§ Work instructions: Without copying any picture, transcribe exactly the lines of the data below from the one containing "Asjett av porselen" through the one containing "Green Mama Natural".

§ Source data:
□ □ □ □ □ □ □
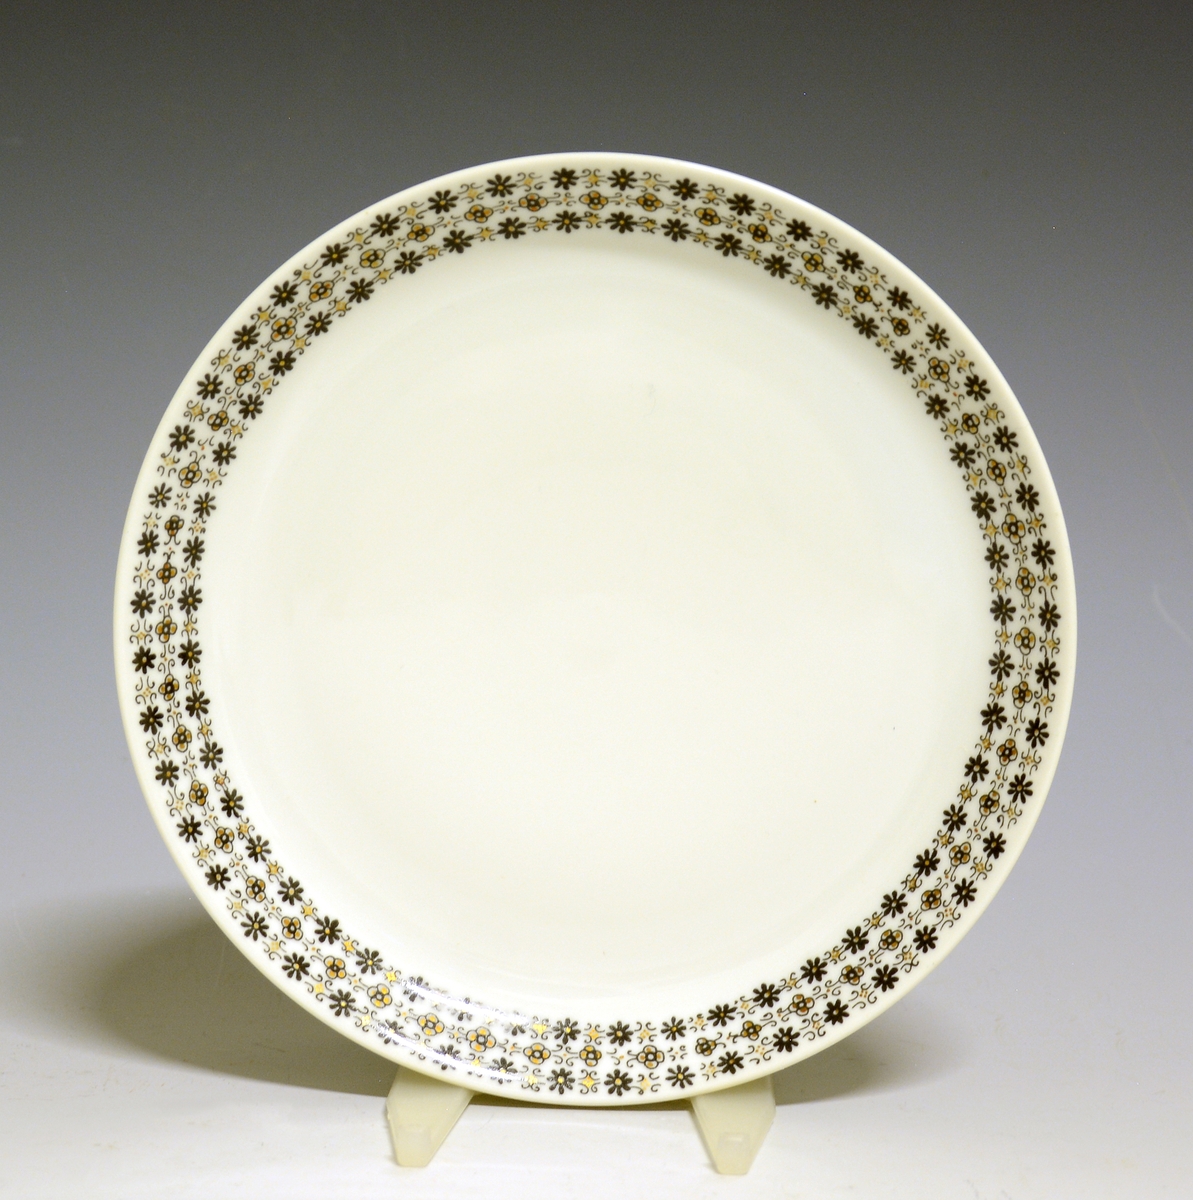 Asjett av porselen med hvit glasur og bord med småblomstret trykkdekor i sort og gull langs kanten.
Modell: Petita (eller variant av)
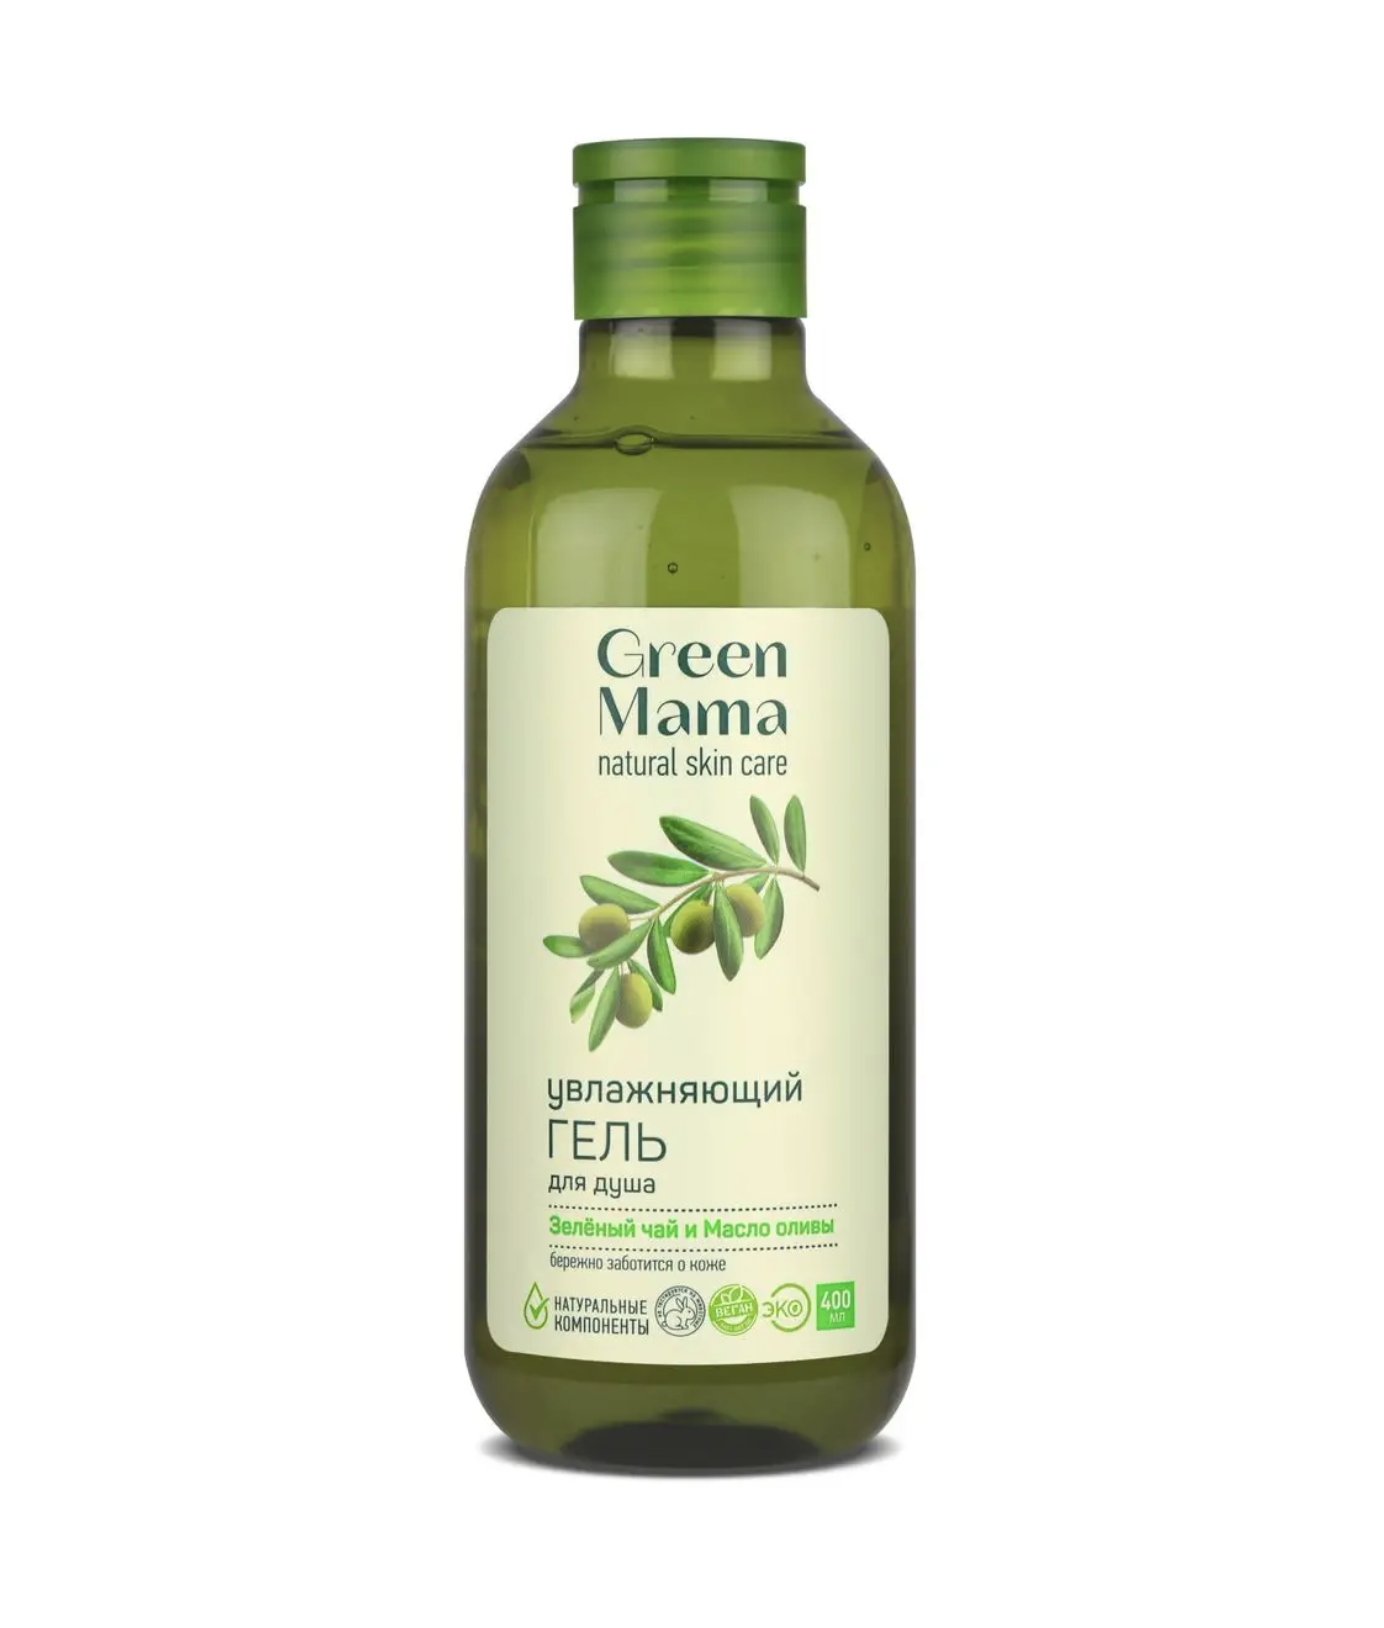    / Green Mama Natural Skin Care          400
□ □ □ □ □ □ □
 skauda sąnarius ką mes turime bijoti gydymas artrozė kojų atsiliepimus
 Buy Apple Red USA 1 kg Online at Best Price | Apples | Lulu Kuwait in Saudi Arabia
□ □ □ □ □ □ □
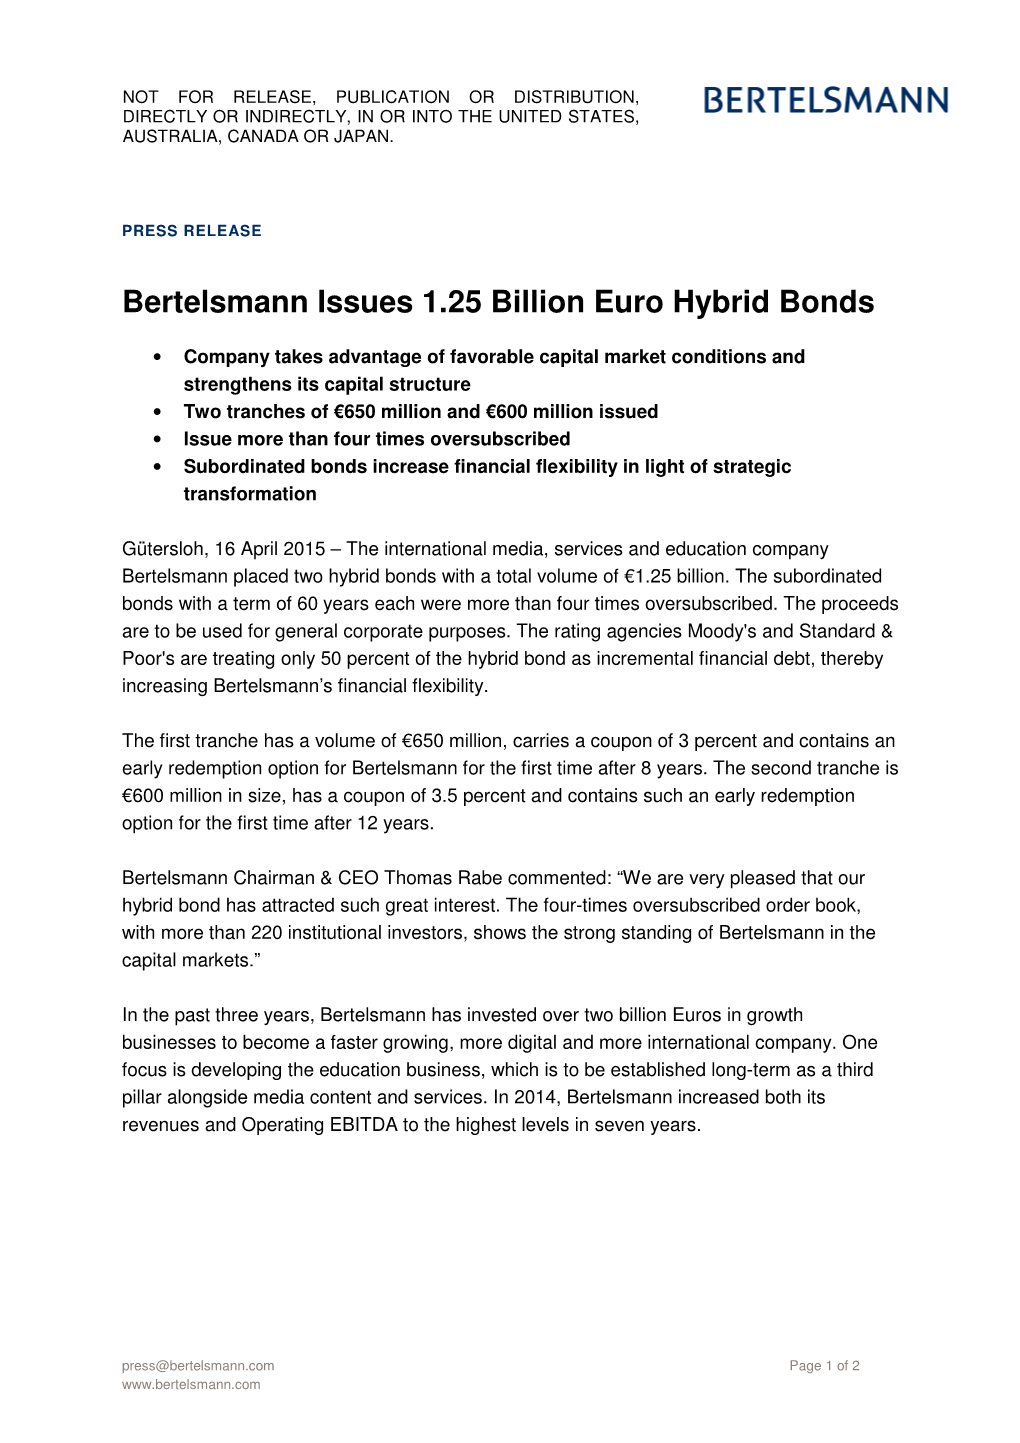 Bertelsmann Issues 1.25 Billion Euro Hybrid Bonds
□ □ □ □ □ □ □
§ Exercise solution:
 Asjett av porselen med hvit glasur og bord med småblomstret trykkdekor i sort og gull langs kanten.
Modell: Petita (eller variant av)
    / Green Mama Natural Skin Care          400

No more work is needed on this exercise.